The discovery that I'd had entered John Endecott on my family tree and not recognized his
historical significance was when I first had the thought that maybe I'm doing this the wrong
way somehow. I spent a lot of time on the Ellingwoods, which I do not regret, and when I found those stories about other ancestors I got lost in them and wrote long blogpost series
about them, such as the one about the Newbury Church struggle. Should I have just done a
few short general posts on them and moved on up the family tree? Do I spend too much time researching some families at the expense of others? I suppose my interest in history is to blame. If I find one of my ancestors was involved in something I want to know more about it.

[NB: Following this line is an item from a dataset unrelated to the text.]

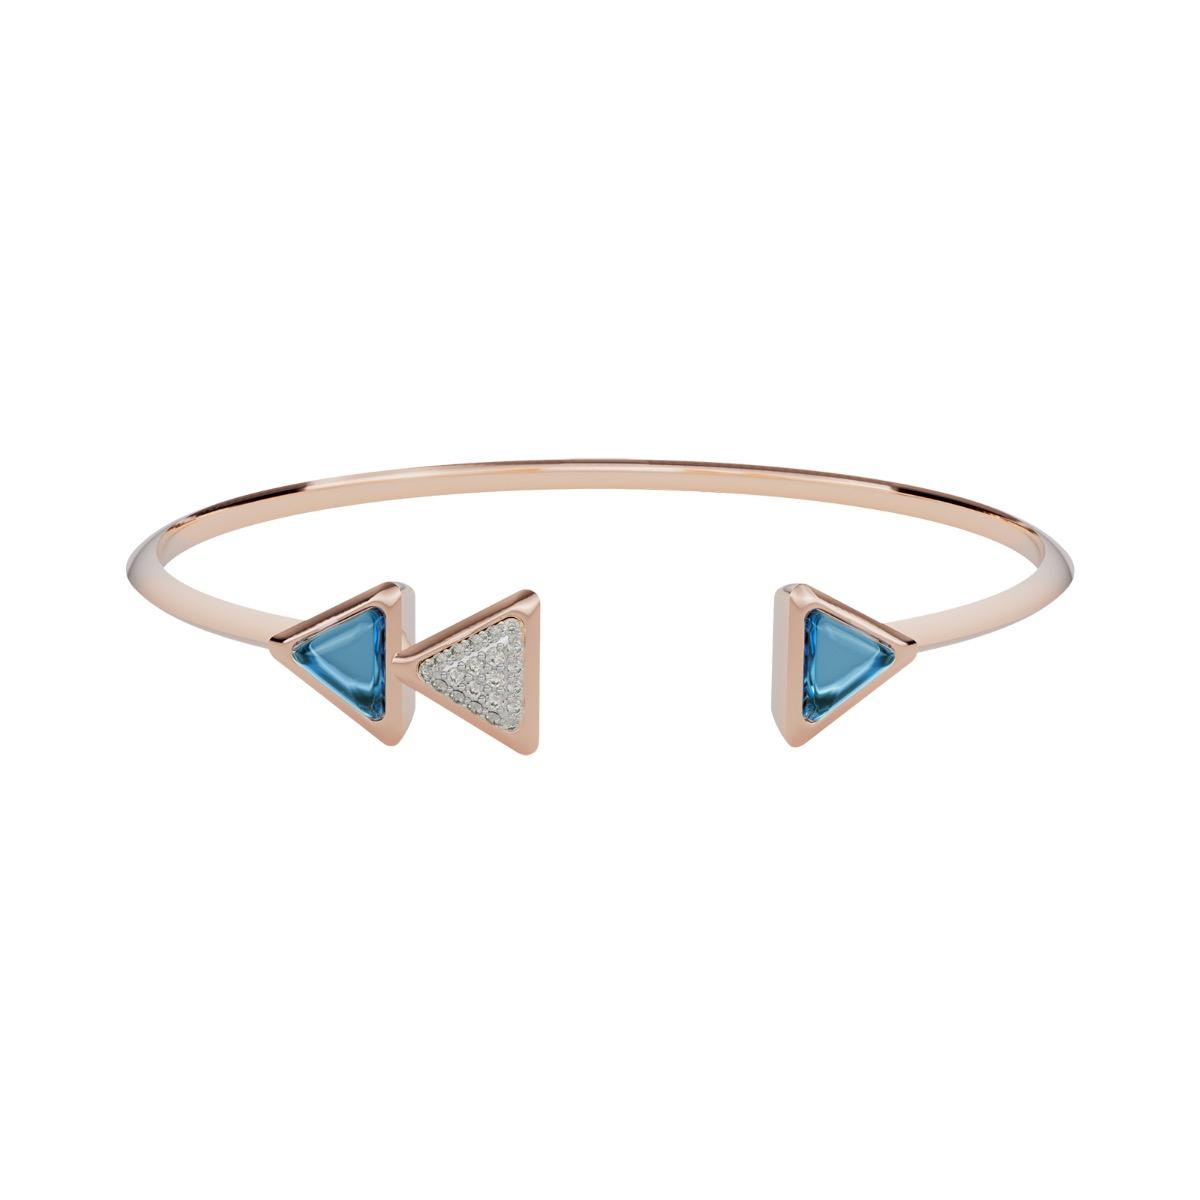 Bracelet Dove Vai Rewind Exquisite White Gold Blue Topaz and Diamonds

Does this make me a family historian instead of a genealogist, or is there really no difference between the two labels?

Ah well. Too late to turn back now. I'm well and truly hooked on stories that fill in the years between births, marriages, and deaths.

And I still can't believe I didn't make the Endecott connection the first time.

   

2 comments:

L Smith said...

I think my approach is similar to yours. The historical importance of a person in my tree is of greater interest than having a full list of descendants with corresponding exact event dates. (I want those, too, but I enjoy the historical context.)
I consider genealogy to be a hobby mostly for my own enjoyment. I hope that the results of my research are of interest to others, but for now I follow whatever path interests me at the moment.

Cousin Russ said...

Mr West,

Totally agree with you. I am finding more fun working on the DASH between the dates. Then trying to put that Dash into historical context.

Just returned from a Civil War Battlefield, where +DearMYRTLE, Mr Myrt, Patti and I put some meat into the dashes of several family members. Three of the four people we found were in the same battle on the same hill on the same day. My TWO were on different sides. When we got home Patti found that she also had an member of her family tree and we stood at his statue on Little Round Top.

Of course, having Mr Myrt help guide the military angle of Gettysburg was a real bonus.

Yup, it's the Dash that has become more important, and it doesn't matter whose dash we work on.